The Holford work is necessary — there has been at least one fatality at the creek crossing. And it comes with an upside. Plans are to connect the two Holford sections with a pedestrian bridge. A paved trail at 1770 Holford leads to beneath the North Garland Avenue bridge and connects to the soft paths in the Halff Park section — at least, if those trails can be restored — creating a genuine long-distance hiking system.

THE GULF BETWEEN POLICY AND PRACTICE

The city of Garland, while it has its share of environmental mishandlings — a concrete batch plant that pollutes profusely and a battery manufacturing plant now under EPA study that may have led to cancer clusters — its prior intentions with Spring Creek Forest Preserve had been noble.
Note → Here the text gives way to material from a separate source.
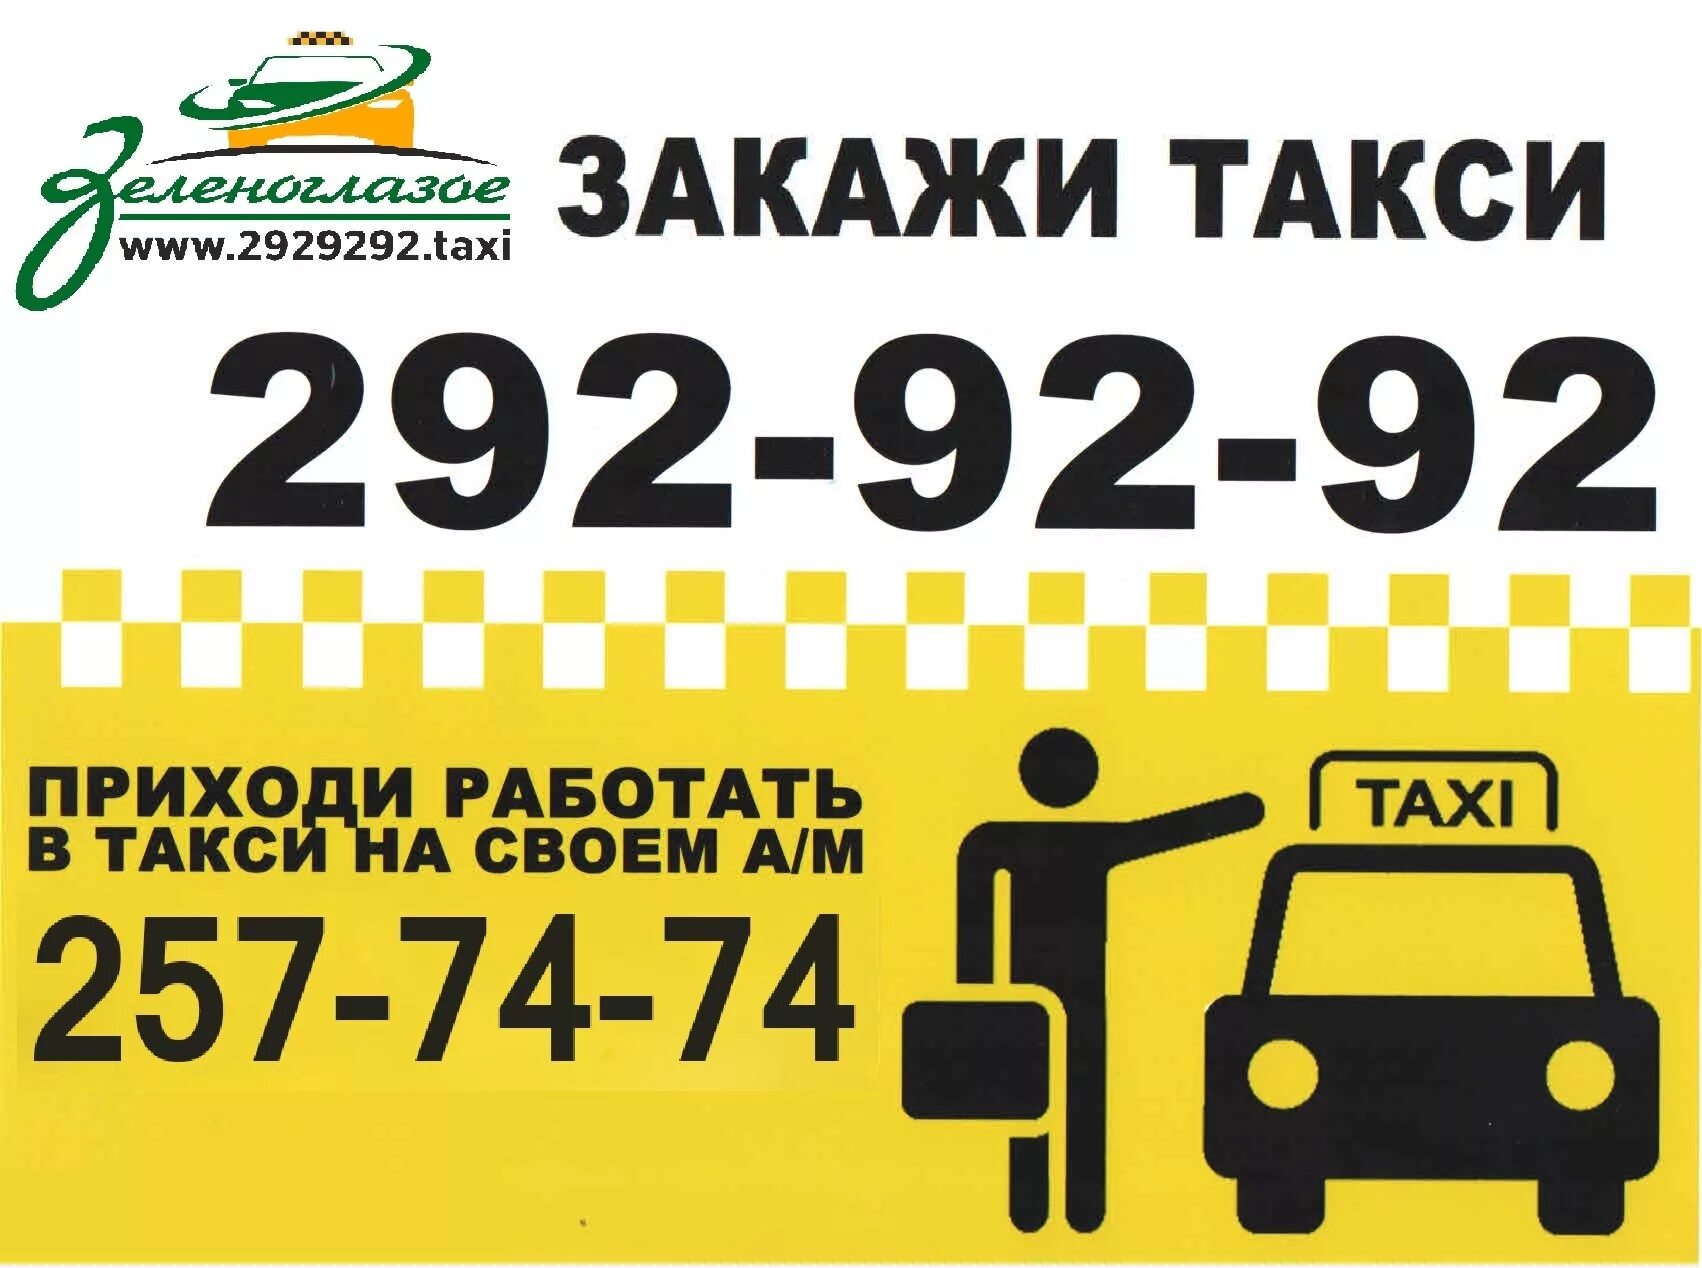 Заказать такси бесплатный номер. Закажи такси. Самое дешевое такси номер. Такси Уфа. Номер недорогого такси.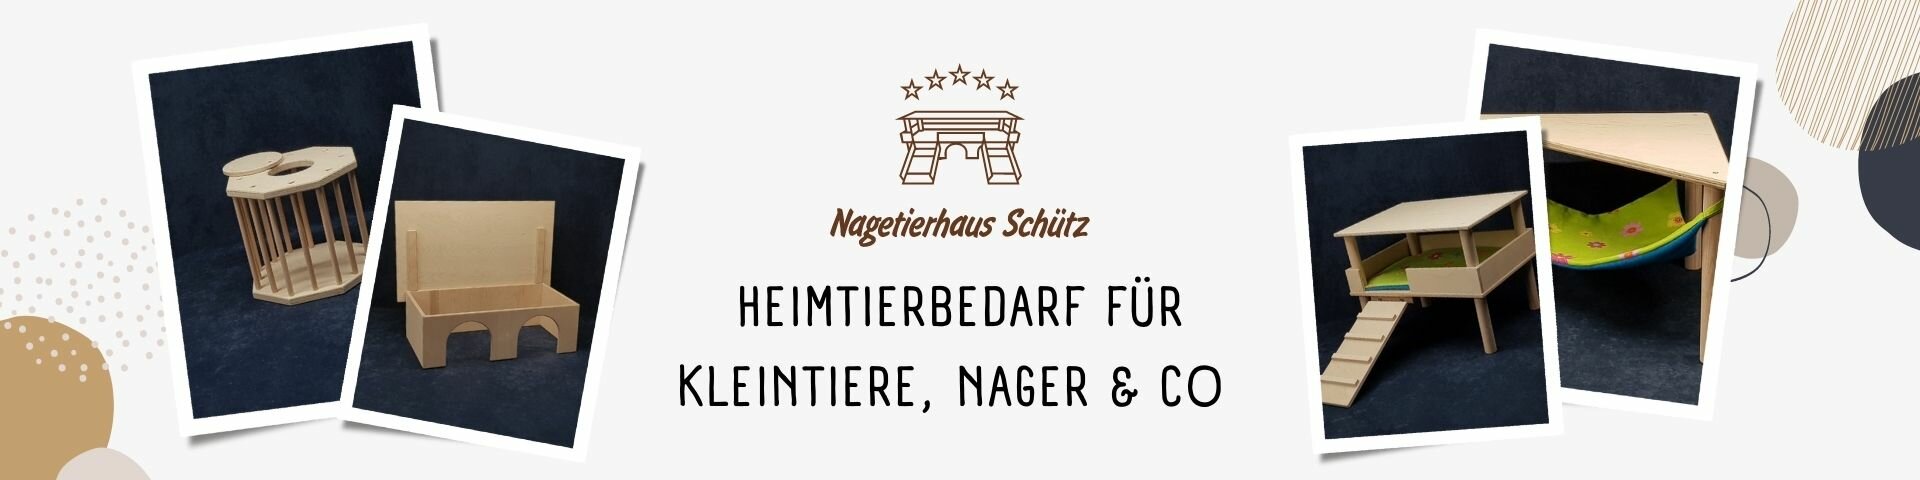 Nagetierhaus Schütz - Heimtierbedarf für Kleintiere, Nagetiere und Co

But as environmental activist and author David Marquis points out, “If the person on the mower or the dozer doesn’t get the memo about taking care of nature, then the policy doesn’t matter. We have been forced to learn this hard lesson again and again. The best intentions in the world go unrealized unless the staff at the grassroots level are properly trained and supervised.”

Liz Worsham of the Old-Growth Forest Network, left, presents a certificate to David Parrish of the Preservation Society for Spring Creek Forest as Garland Mayor Scott LeMay and Eric Moore, standing in for County Commissioner Theresa Daniels, look on. Photo by Amy Martin.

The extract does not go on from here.